AI extracts tables and structured data reliably when cleanly formatted without merged cells or placeholders.

  • - Use HTML tables with `<table>`, `<thead>`, `<tbody>`, clear `<th>` labels, and no emojis/icons:

```html <table> <thead> <tr><th>Feature</th><th>Details</th></tr> </thead> <tbody> <tr><td>Data Point</td><td>Value</td></tr> </tbody> </table> ``` [1]

  • - For code/data, use <pre><code> with syntax highlighting, consistent indentation, and comments; avoid line numbers.[1]
  • - Add Article or Dataset schema for context (e.g., authors, dates).[2][8]
  • - Prefer HTML/Markdown over PDF; include metadata like publish dates and tags.[4]

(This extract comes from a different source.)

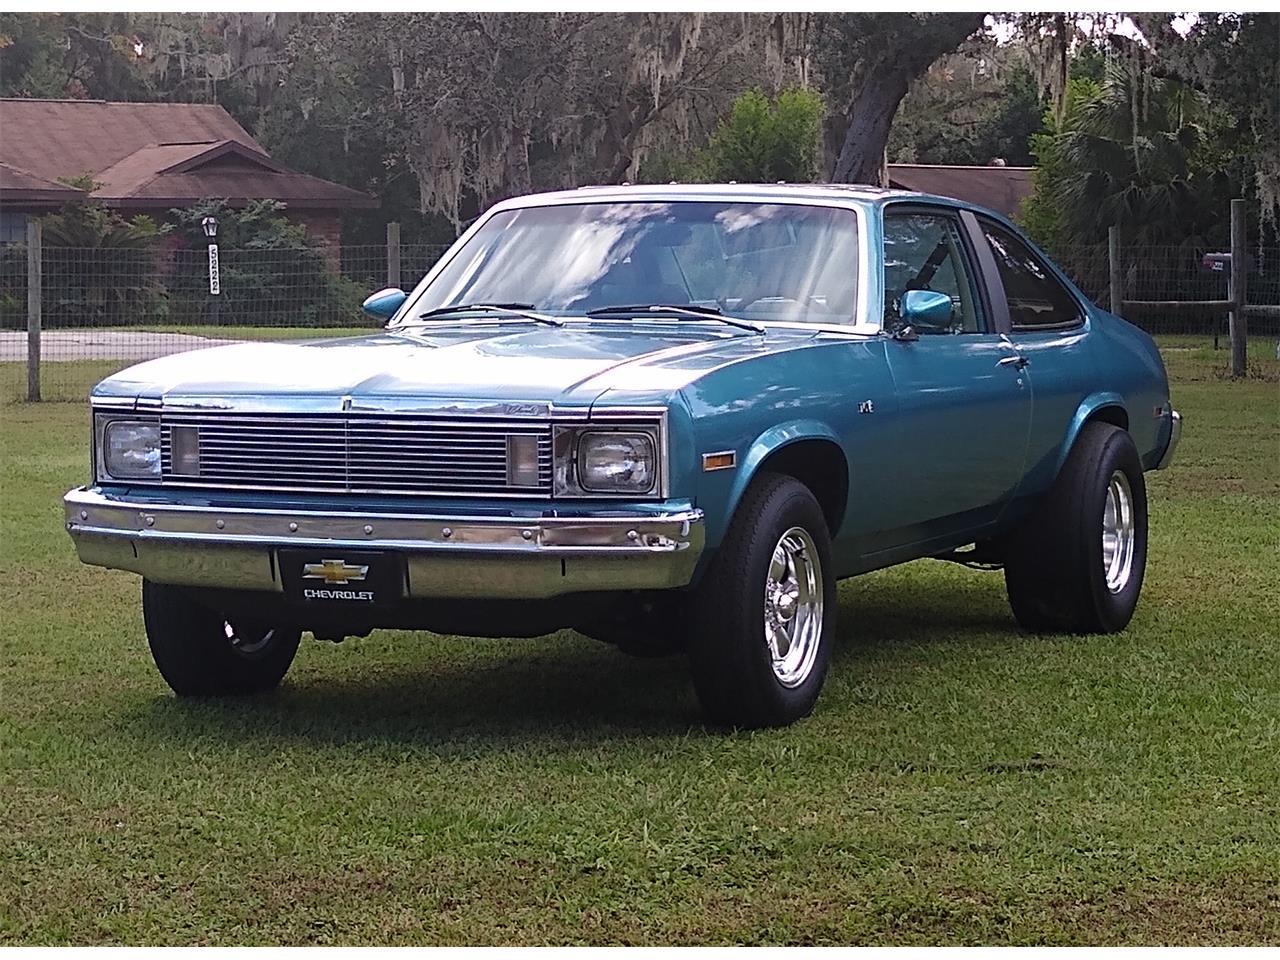 1979 Chevrolet Nova for Sale  ClassicCars.com  CC-1425329

General Technical Implementation

  • - Consistent hierarchy: H1 (page title), H2 (sections), H3 (subsections/steps), H4 (details); bold key terms sparingly.[1][2][3][5][8]
  • - Short, plain language: Sentences <20 words, active voice, no jargon without definitions; conversational tone.[1][4][5]
  • - Enhancers: TL;DRs/section summaries, natural keywords in headings/opening sentences, alt text for images.[1][2][4]
  • - Test with SEO audits for hierarchy compliance; iterate based on AI feedback.[1][2]

Compiled by keel (the research engine), rendered in the garden. Machine-generated synthesis from gathered sources — not human-reviewed.